Let’s now filter the GeoDataFrame by NUTS-1 level…

nuts1 = nuts.query("LEVL_CODE == 1")

… and explore what kind of geometries we have in the dataset …

nuts1.explore()

Make this Notebook Trusted to load map: File -> Trust Notebook

Note

In principle, the geopandas.GeoDataFrame behaves like a normal pandas.DataFrame and we can use all the familiar pandas functionality plus the geospatial extensions.

To write a GeoDataFrame back to file use GeoDataFrame.to_file(). The file format is inferred from the file ending.

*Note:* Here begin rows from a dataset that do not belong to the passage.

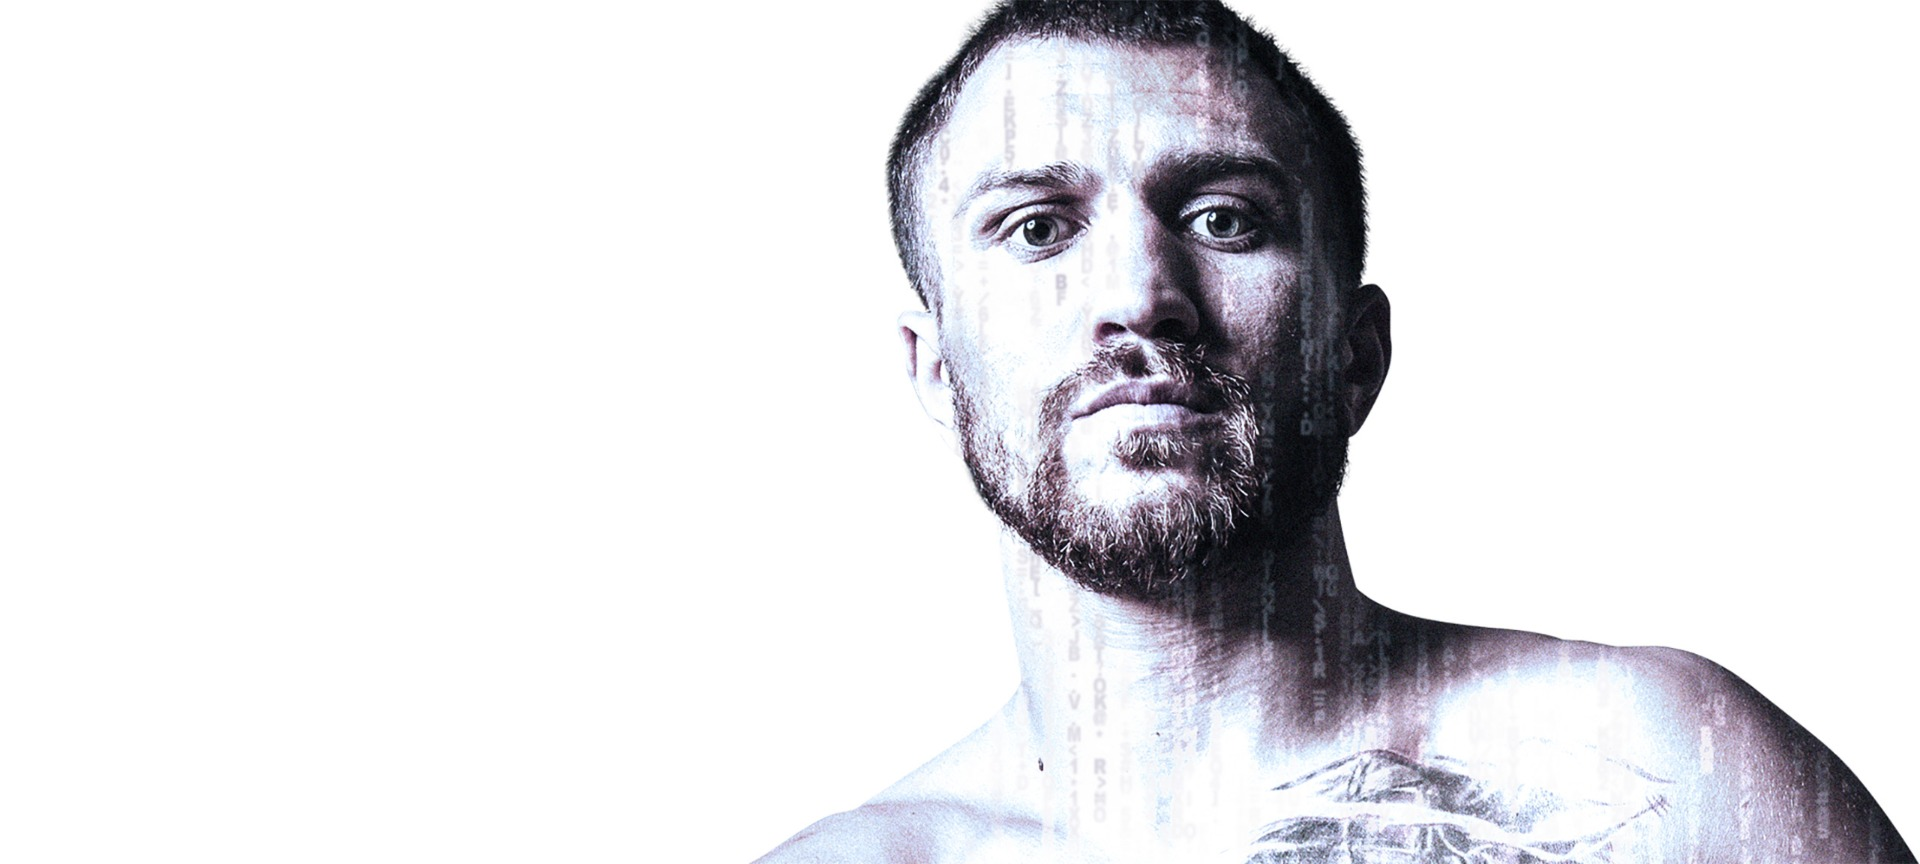 Vasyl Lomachenko Hi-Tech Ukraine Boxer World Champion Boxing T-Shirt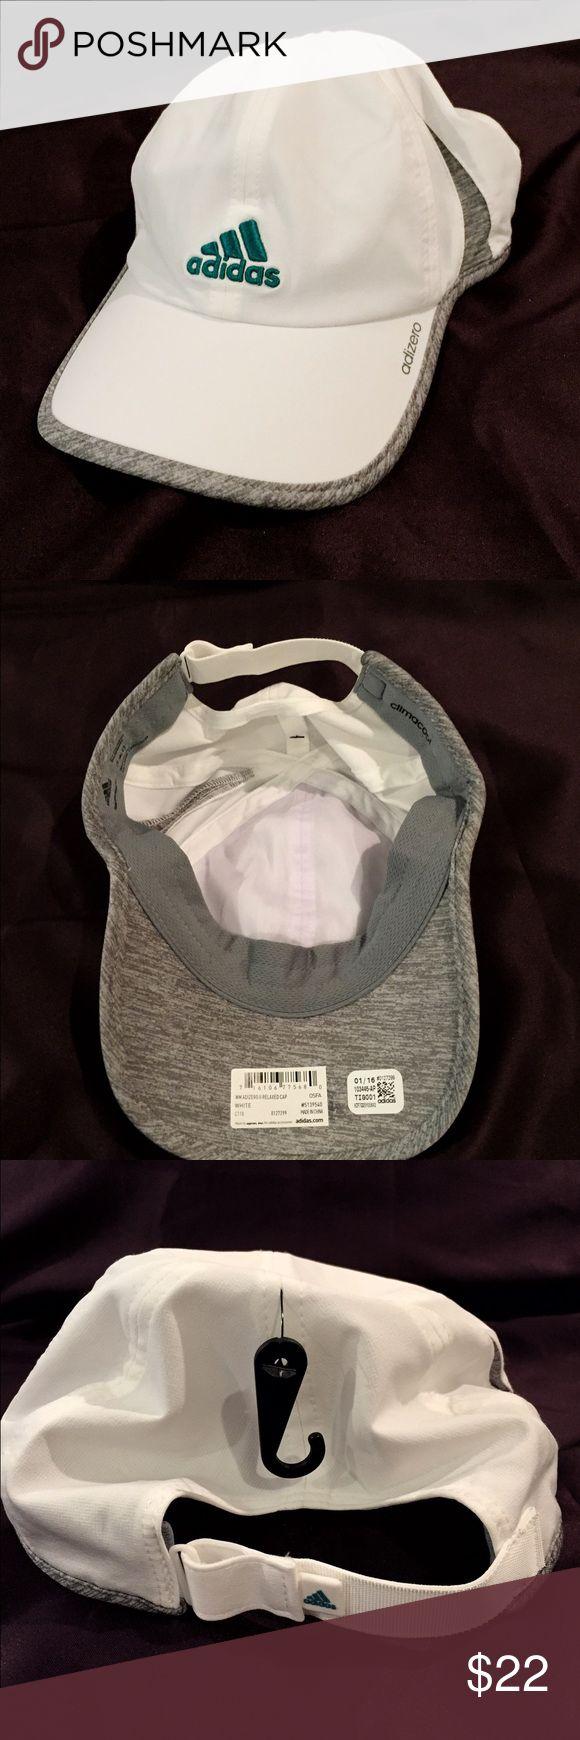 NEW Adidas women's white hat adizero II Adidas women's adizero II HAT. NEW WITH TAG. bought at adidas warehouse sale (no returns). Green (turquoise) adidas logo. Marbles gray trim. Super cute hat! NEVER WORN! Accessories Hats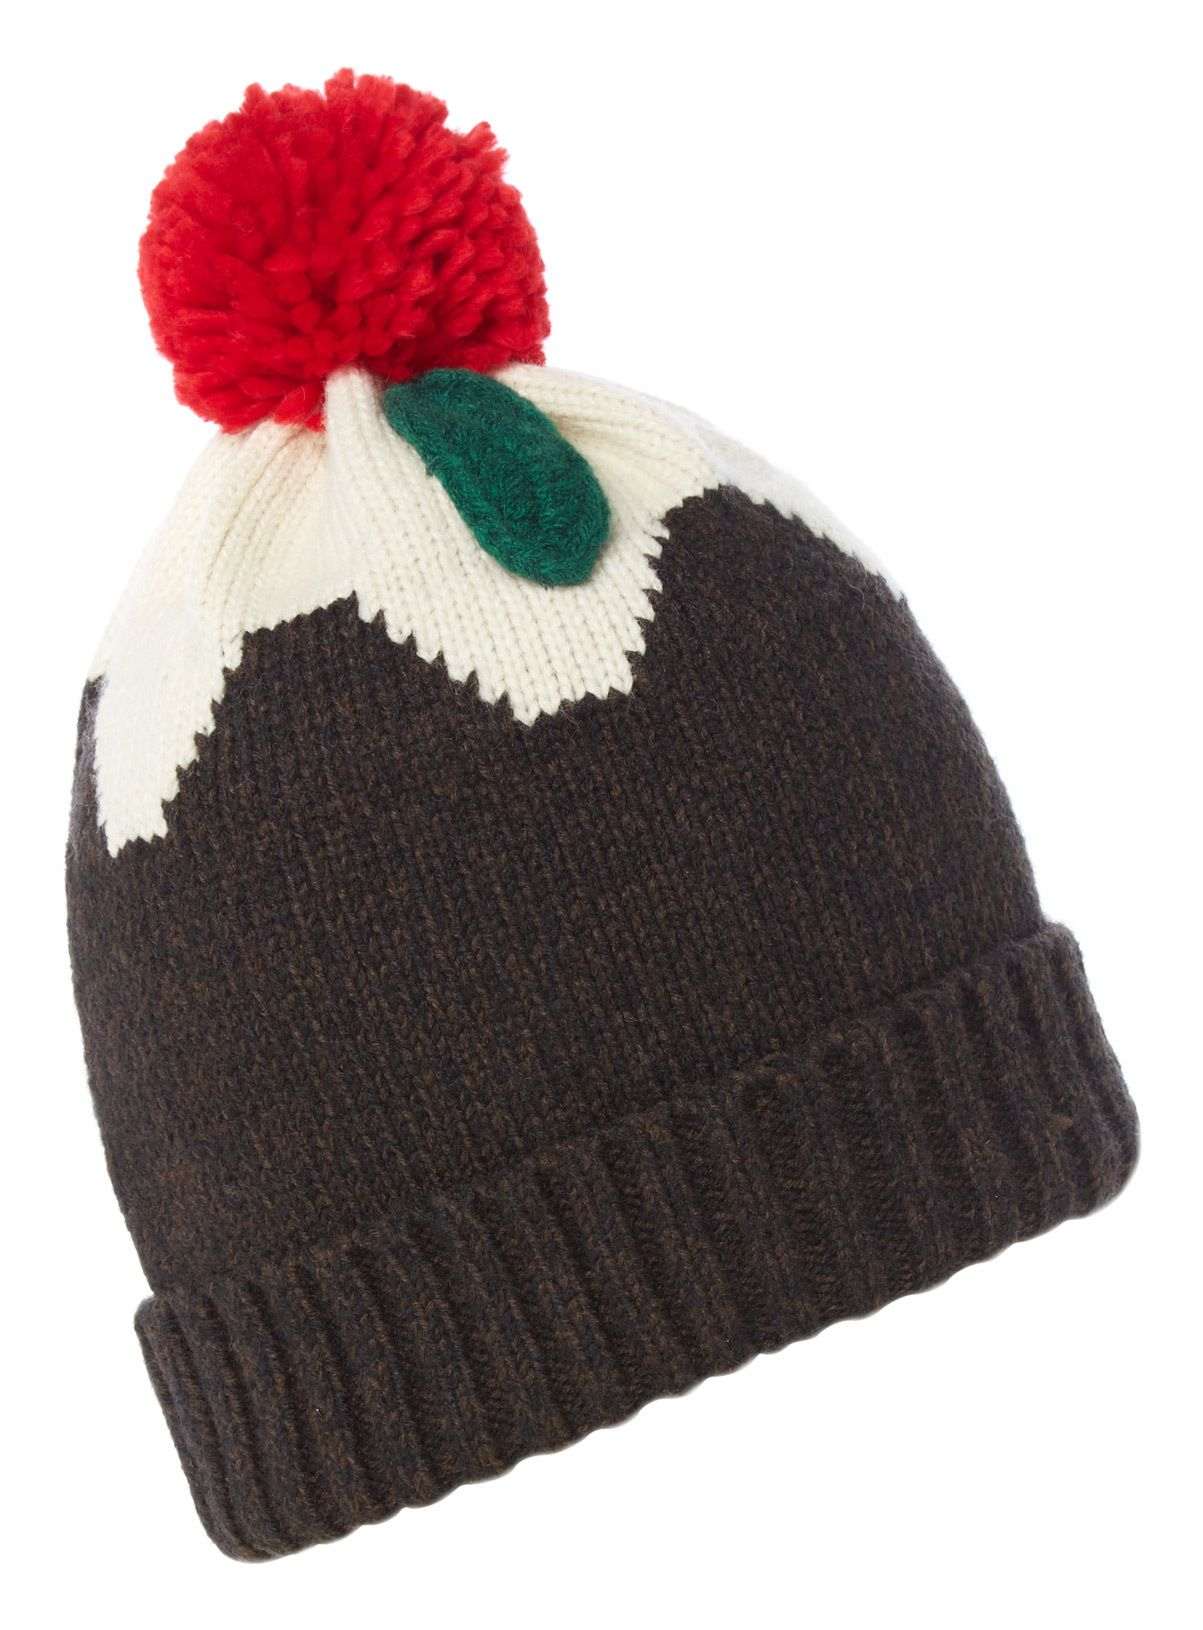 Sku Xmas Pudding Hat Brown Christmas Pudding Xmas Pudding Pom Pom Tops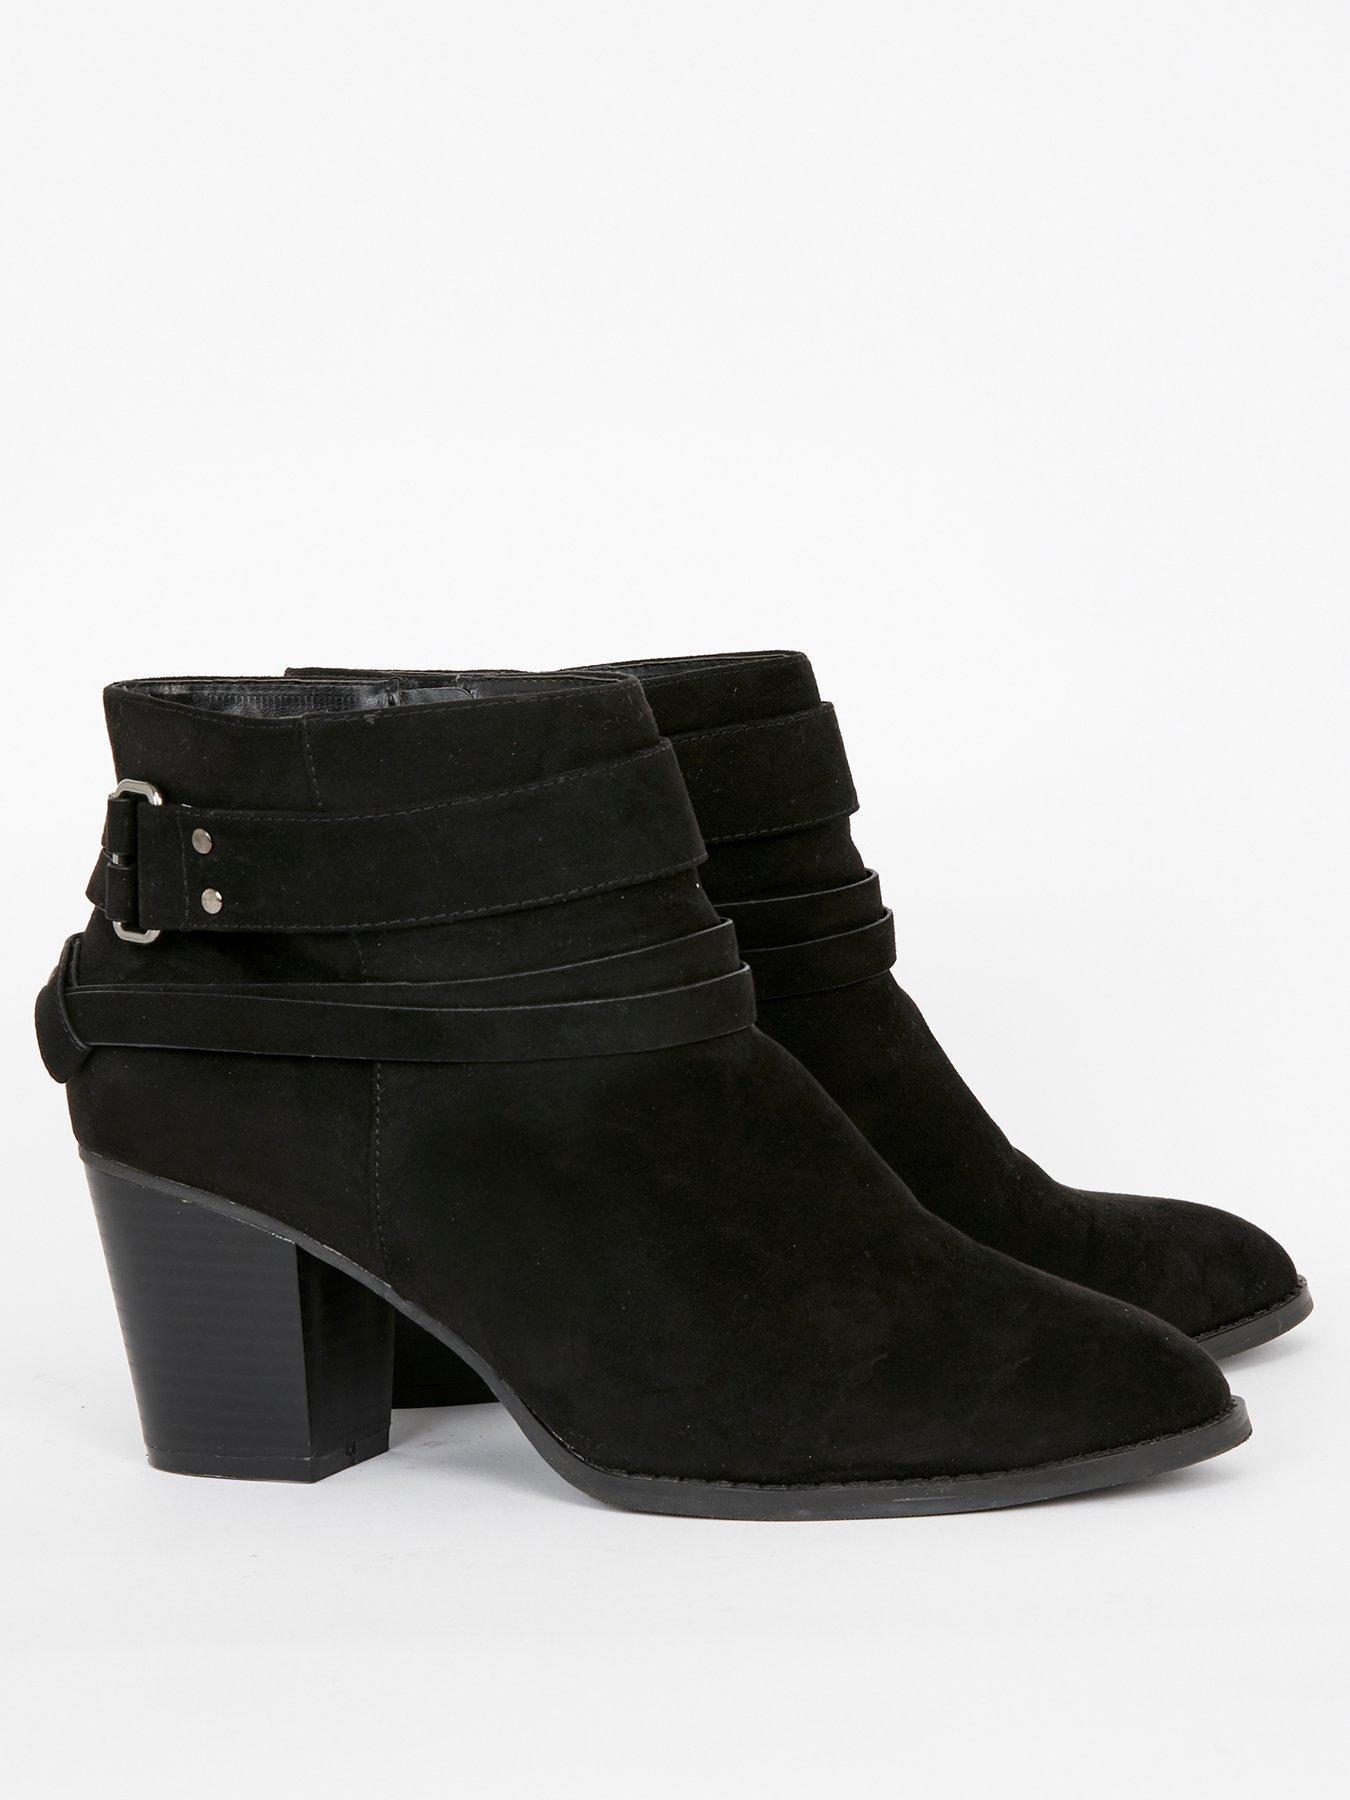 evans shoes on sale

nuts1.to_file("tmp.geojson")

Buffers and Areas#

Many geospatial analyses require the calculation of areas or buffers around geometries. However, these calculations depend on the coordinate reference system used.

The first thing we need to do in order to calculate area or buffers is to reproject the GeoDataFrame to an equal-area projection (here: EPSG:3035 which is valid only within Europe; a globally valid alternative is the Mollweide projection EPSG:54009)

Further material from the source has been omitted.